Если вспомнить еще личного врача, личного аптекаря, секретаря, двух священников, каптенармуса и повара, то мы увидим, что принцесса жила с истинно королевской роскошью, а особняк Шаро был постоянно полон людьми.
Однако блестящее положение не мешало принцессе постоянно попадать в неприятности и давать пищу для толков. И двор, и сам Наполеон жили в постоянном беспокойстве: что она еще придумает?
– Так что же ты натворила на этот раз? – поинтересовался Аксель.
– Я – ничего, но эти сплетницы готовы и из мухи раздуть слона!
– Что же им не нравится?
– Эти мерзавки, осмеливающиеся обсуждать мое поведение, – я уверена, что здесь не обошлось без этой гадюки мадам де Контад, – заявляют, что будто бы неприлично позволять слуге-негру носить меня на руках в ванну и из ванны.
Граф улыбнулся.
Такие разговоры в салонах он уже слышал неоднократно. Дамы при этом закатывали глаза и всячески изображали праведное негодование; но граф не сомневался, что они млеют от восторга, представляя себе обнаженную женщину в руках могучего чернокожего африканца.

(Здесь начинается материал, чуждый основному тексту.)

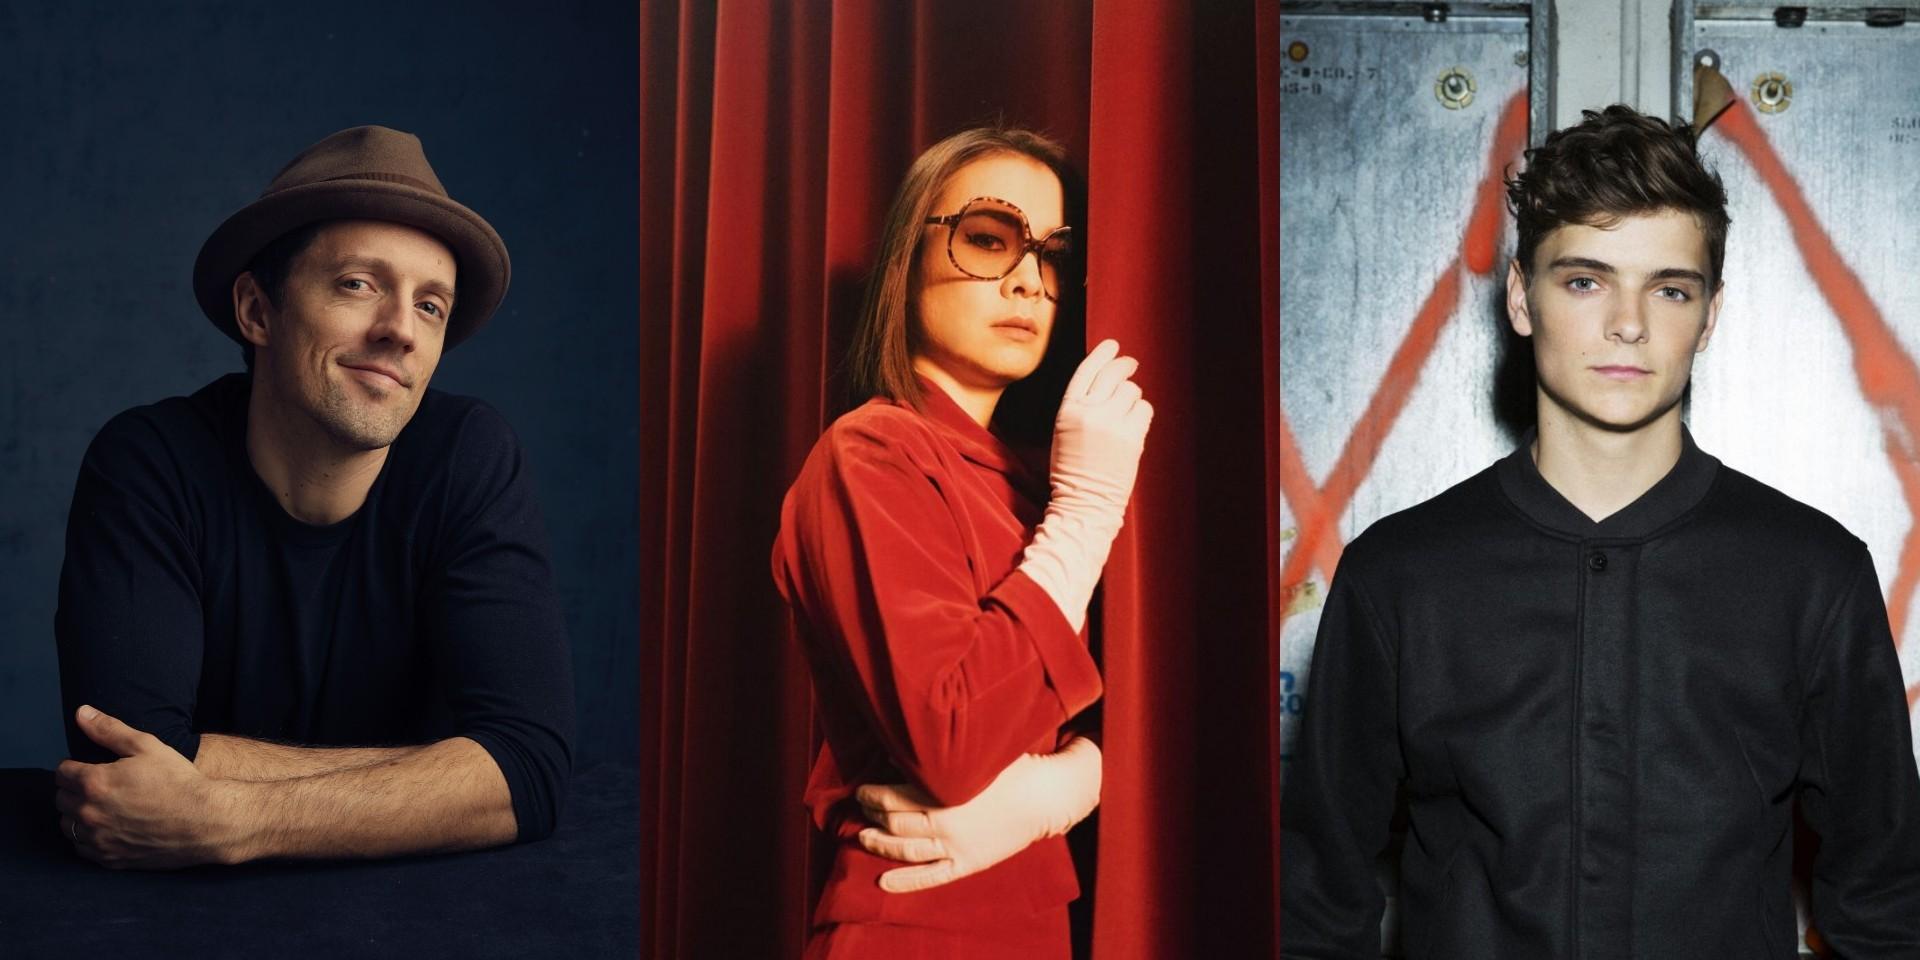 Fuji Rock Festival 2019 announces full lineup – Jason Mraz, Mitski, Martin Garrix and more confirmed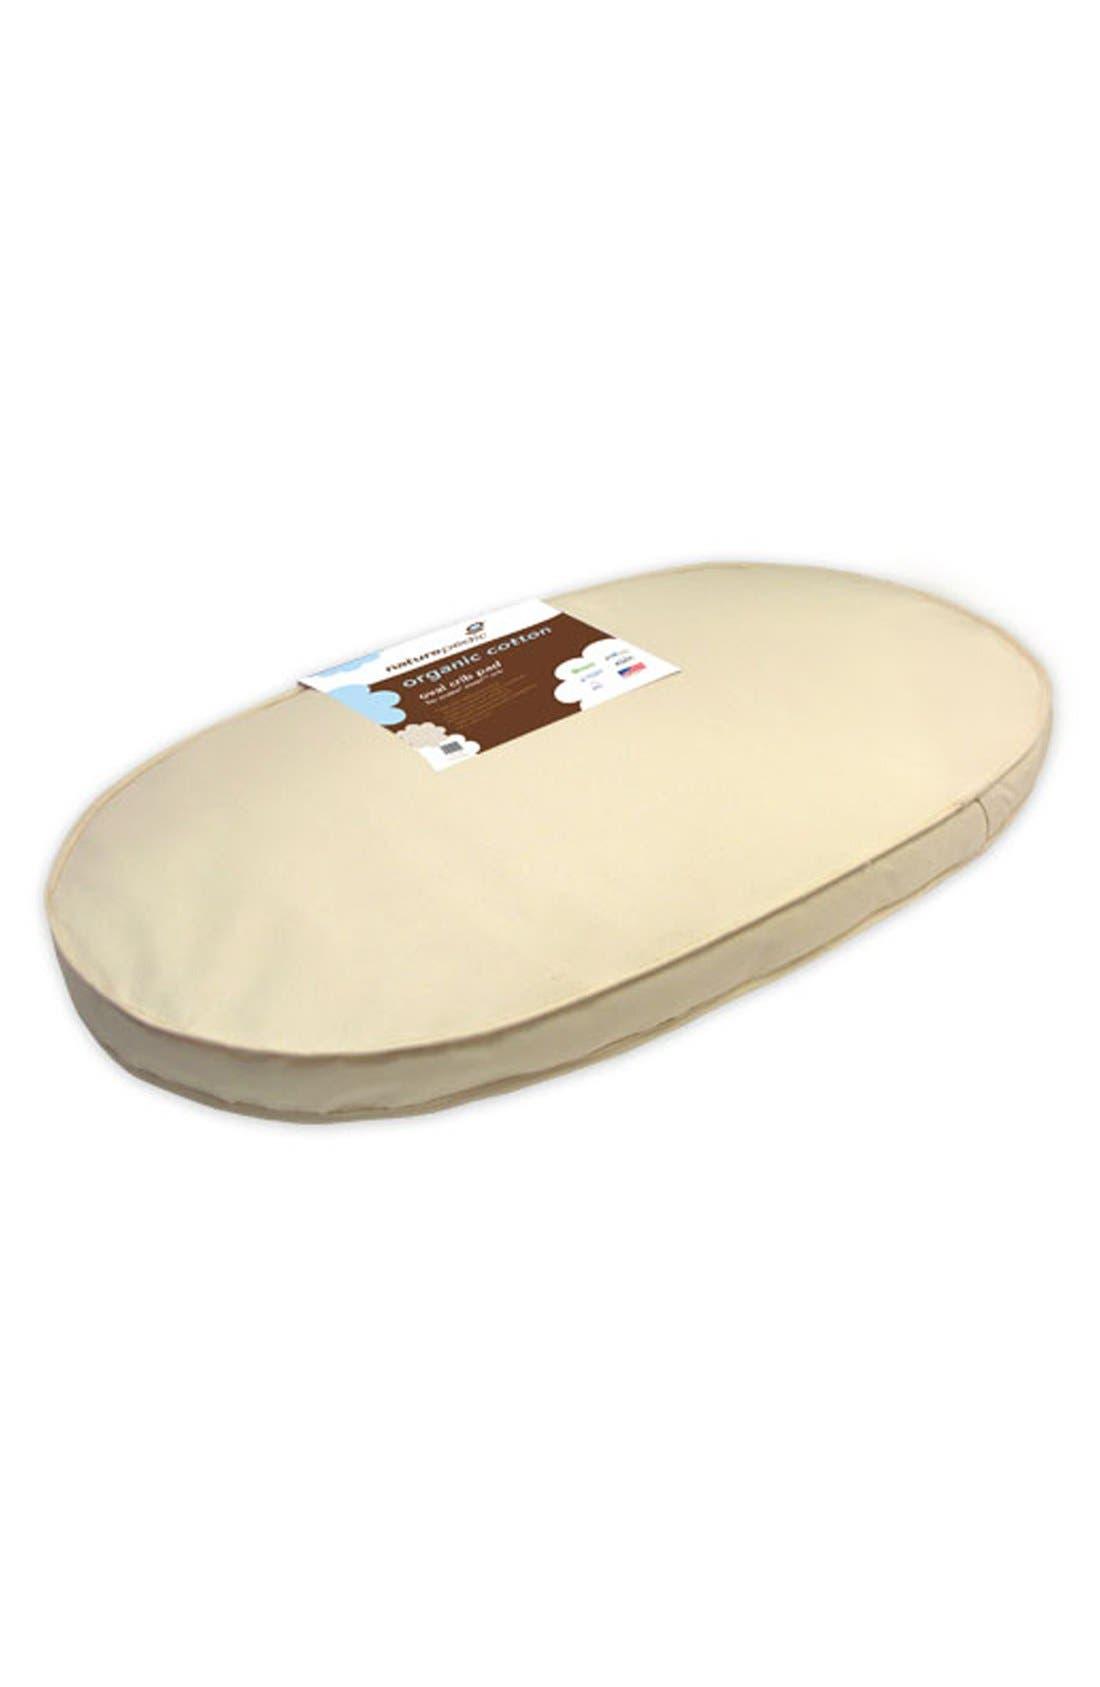 Organic Cotton Oval Crib Mattress for Stokke Sleepi Crib,                             Alternate thumbnail 2, color,                             NATURAL

Однако сам граф знал, что Полина далеко не так испорчена, как хотелось бы ее завистницам, – ей просто нравится контраст ее молочно-белой кожи с черной кожей негра.
– Я вовсе не вижу в нем мужчину, – продолжала Полина. – Может быть, им не нравится, что он молод и не женат? Что ж, это легко исправить!
Граф промолчал.
– Пусть женится на какой-нибудь из моих кухарок! – продолжала Полина. – Я сейчас же позову Поля и объявлю ему свою волю!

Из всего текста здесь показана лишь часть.